Theresa Fraser is best known at Sheridan for her role as a professor in the Child and Youth Care program. In fact, she was nominated by Sheridan for a STLHE (Society for Teaching and Learning in Higher Education) award in 2016. But you may not know that teaching is just one of the many hats Fraser wears. She’s also a registered psychotherapist, a play therapy practitioner/researcher, and a foster parent with her husband, Kevin. “It really is four professions, and they all feed each other,” she explains. In 2017, those worlds came together in a special way.
“2017 has been so funny, because it’s really been a year where all my different work identities have been acknowledged,” Fraser laughs. In April, she received the Monica Herbert Award for her contribution to children and family mental health and play therapy across Canada. One month later, she was co-awarded the Jim Lewis Treatment Foster Care Award. She also won the Dennis McDermott Career Achievement Award—a lifetime achievement award for the Ontario Association of Child and Youth Care Practitioners.
“2017 has been so funny, because it’s really been a year where all my different work identities have been acknowledged” – Theresa Fraser
Most recently, on November 27 Fraser was nominated for the 2017 Premier’s Award for Community Service. “There were so many amazing people who were nominated from across the province,” she says. “It’s very humbling.”
Fraser says she has felt a calling to help others from a young age. She aspired to work with Mother Teresa as a Sister of Charity, but was told by Mother to finish school first. Then, in Grade 12, she read a book called Dibs in Search of Self, a seminal book on play therapy. “I read the book and said that’s what I want to do.
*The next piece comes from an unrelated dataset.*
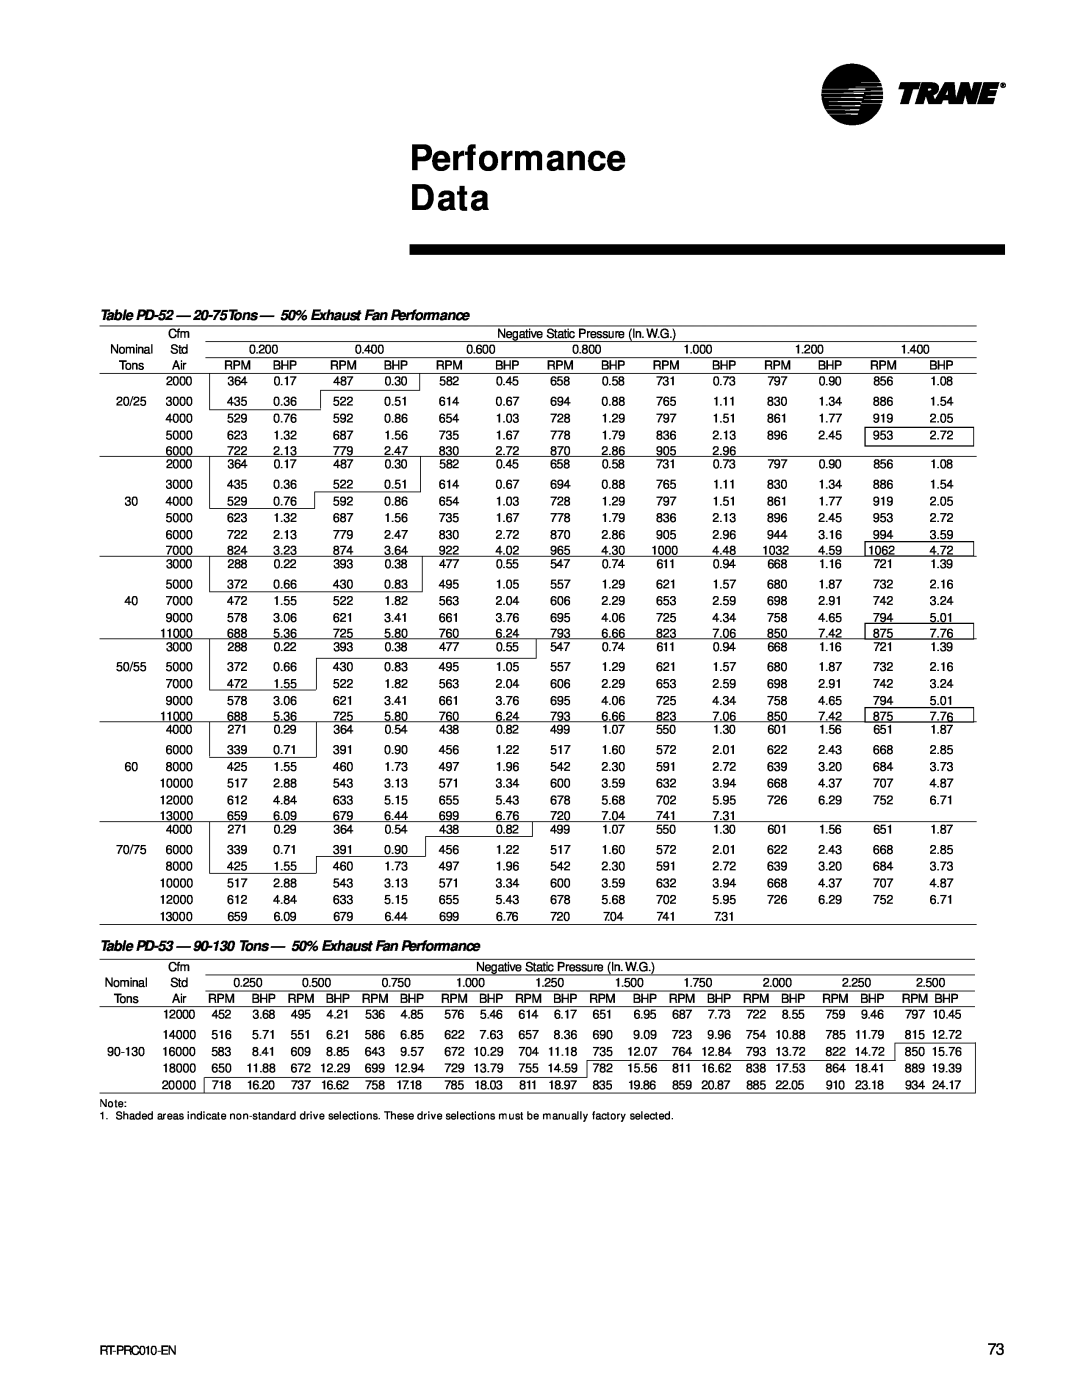 Trane RT-PRC010-EN manual Performance Data, 13000

But there were no programs for play therapy, per se,” Fraser explains. “Childcare workers looked at therapeutic activities, psychology, and human development. So I was like ‘OK, that’s as close as I’m going to get.’” She enrolled in Humber’s Child Care program, and was prepared to join the Sisters of Charity in New York after she graduated, when fate intervened. She met Kevin at a Christmas party, and it was “love at first sight.” They married in 1986.
They became foster parents when their oldest son developed some health issues, and needed a stay-at-home parent. However, fostering has been a part of Fraser’s life since childhood. “I went from being a little person in foster care when my mother had health issues, to my parents being foster parents, and then us being foster parents, so the lineage is interesting,” she says.
Fraser and her husband are parents to nine children (biological, adoptive and foster). “We’re taking the kids in to try to prevent them from going into group homes, and we just love them up and make them part of our family,” she says.
Fraser has been a professor at Sheridan since 2011, and says “Sheridan is a big deal for my family. We know that disadvantaged kids and kids in care, and kids who may be first generation college students, need to be exposed to postsecondary education,” she says. “Any Sheridan event that I can involve my children in I do, so they can see that postsecondary education isn’t out of the realm of possibility for them.”
She brought her 15-year-old son, Eric, to Open House, and says “Now he’s our program ambassador. Every Open House he comes, and with the program coordinator talks about what a child and youth worker did for him in the school setting.” Eric also joined her for a keynote talk for the Ontario Association of Child and Youth Care (“OACYC”) conference last May, where he spoke to 300 people about the impact a child and youth care worker at school had on his life.
Despite all of her accolades and career achievements, Fraser says she’s just getting started. She says winning the Dennis McDermott Career Achievement Award was a bit puzzling because she feels she has much more work to do. “It’s not only humbling to get an award, but for somebody to say it’s a lifetime achievement award—you go ‘OK, but I still have 20 years left in me to be doing things,’” she laughs.
Fraser can add ordained Minister, published author, and birth and death doula to her long list of accomplishments. She also sits on Sheridan’s Indigenous Education Council, and is involved with various boards and volunteer activities. She’s pursuing her PhD through the University of South Wales, where her research focuses on psychology and play therapy for seniors.
But she rates her children as her highest achievement. “We’ve raised good, kind people, that are kind to other people, and all of our kids are like that,” she says. “That’s my proudest accomplishment.”
For Fraser, self-acceptance and the power of love are guiding principles. “The limits that other people put on us, we have to try to break out of those, and we have to love people where they’re at,” Fraser says. “We have some students here at Sheridan who are dealing with some tough stuff. And if I can for the three hours in class say ‘I care about you, and I’m going to help you get through this leg of your journey, and it’s going to get better,’ then I’ve done my job. It’s really about loving people.”
____________________________________________________________________________________________________________ Pictured at top of page: Sheridan Professor Theresa Fraser before the 2017 Premier’s Awards on November 27, 2017.